Clause 1 — Preparatory expenditure
Orders of the Day
5:48 pm

Photo of Mark Francois

Mark Francois (Shadow Minister, Treasury; Rayleigh, Conservative)

We now come to the Third Reading of this paving Bill, which is designed to help implement a planning gain supplement. This is not the first time the House of Commons has been asked to debate a tax on the increase in the value of land. The earliest specific example that I was able to find of such a measure was an Act in the reign of Henry VI, dated 1427, which facilitated a tax on the improvement in land values based on the construction of sewers. For the record, a similar measure was apparently also attempted under Henry VIII in 1531. To leap forward some four centuries, something like this was tried five times in the 20th century, and on each occasion it foundered, principally over the issue of how to agree on the valuation to be taxed. In debating this matter again tonight we are following in the footsteps of our legislative predecessors—with, I suspect, the same ultimate outcome at the end of the whole process.

Coming right up to the present, we opposed this paving Bill on Second Reading and in Committee, and we remain opposed to it tonight. We remain opposed to the related planning gain supplement in principle for a number of reasons, which I laid out in some detail on Second Reading on 15 January, but which might be briefly summarised as follows. First, although it is supposed to assist local communities, it is designed to be centrally collected and then redistributed according to Government fiat. Secondly, in England a significant element of the tax is intended to be regionally administered by undemocratic and unrepresentative regional bodies. Thirdly, it is likely to hinder, rather than help, the creation of affordable housing, as the National Housing Federation has pointed out. Fourthly, it would be a highly complex tax to administer in practice, not least because of the likelihood—based on all historical precedent—of lengthy arguments over valuations.

Despite the earlier debate in Committee and on Report this evening, the Government have not made a convincing case for their introduction of what even they admit is now only a lead option. If they cannot even convince themselves, how do they expect to convince the House? This is a Bill, and indeed a tax, with few friends. For instance, the CBI said of the proposed planning gain supplement:

"the Government's proposals to implement PGS are likely to lead to a number of unintended and negative consequences that would outweigh the potential benefits of PGS and we would strongly urge the Government to reconsider its proposals."

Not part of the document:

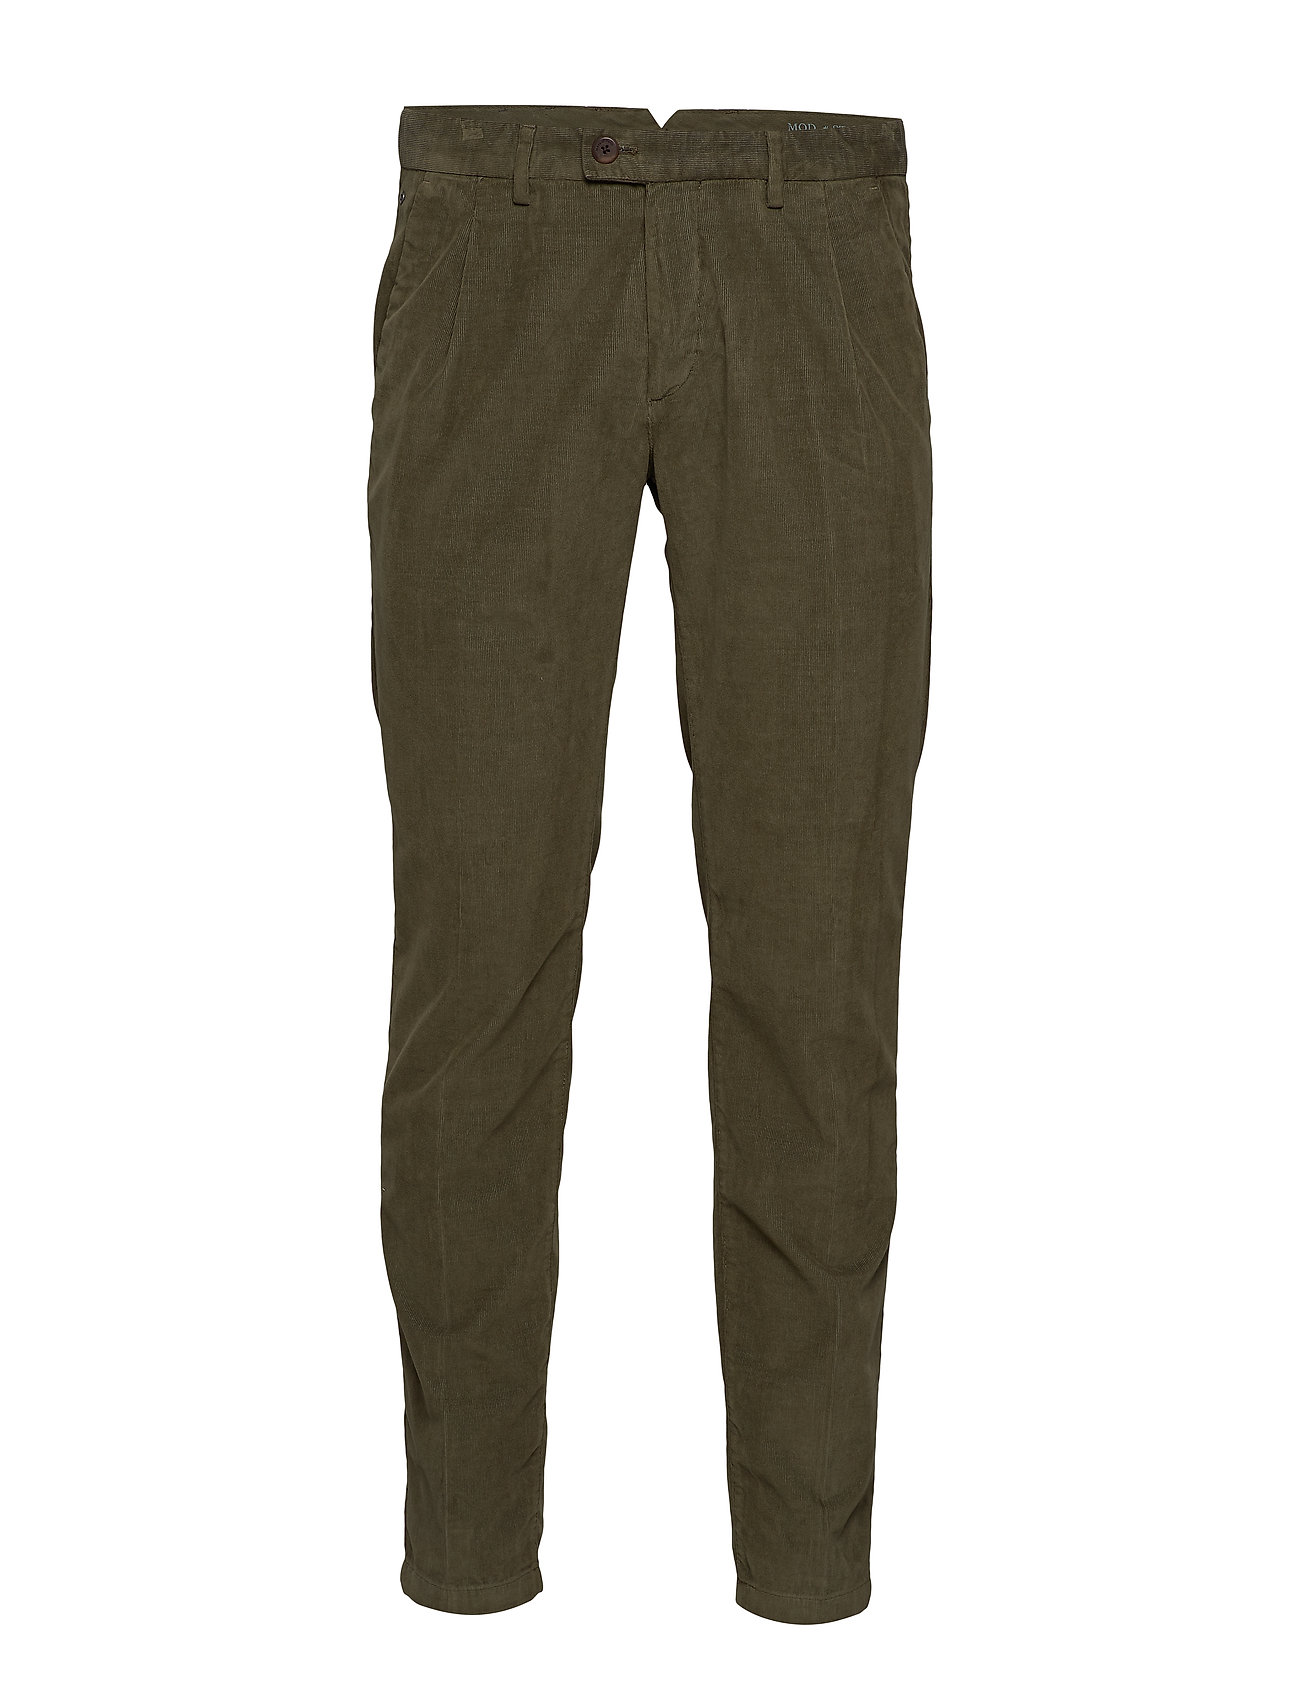 Marc O'Polo Woven Pants Chinos Byxor Grön [Color: GRAPE LEAF ][Sex: Men ][Sizes: 30 x 32,32 32,33 32,36 32 ]

Similarly, the British Property Federation, which has been staunchly opposed to the planning gain supplement throughout, said that it

"Is not suited to brownfield or previously developed sites; removes the linkage between the developer, the development and direct community benefit; can provide uncertainly in the planning process; is unworkable on most commercial developments; will slow the rate of developments coming forward; will discourage regeneration schemes; will create a blockage in the planning system; could lead to lengthy disputes in the courts and does not give any certainty that the necessary infrastructure will be provided."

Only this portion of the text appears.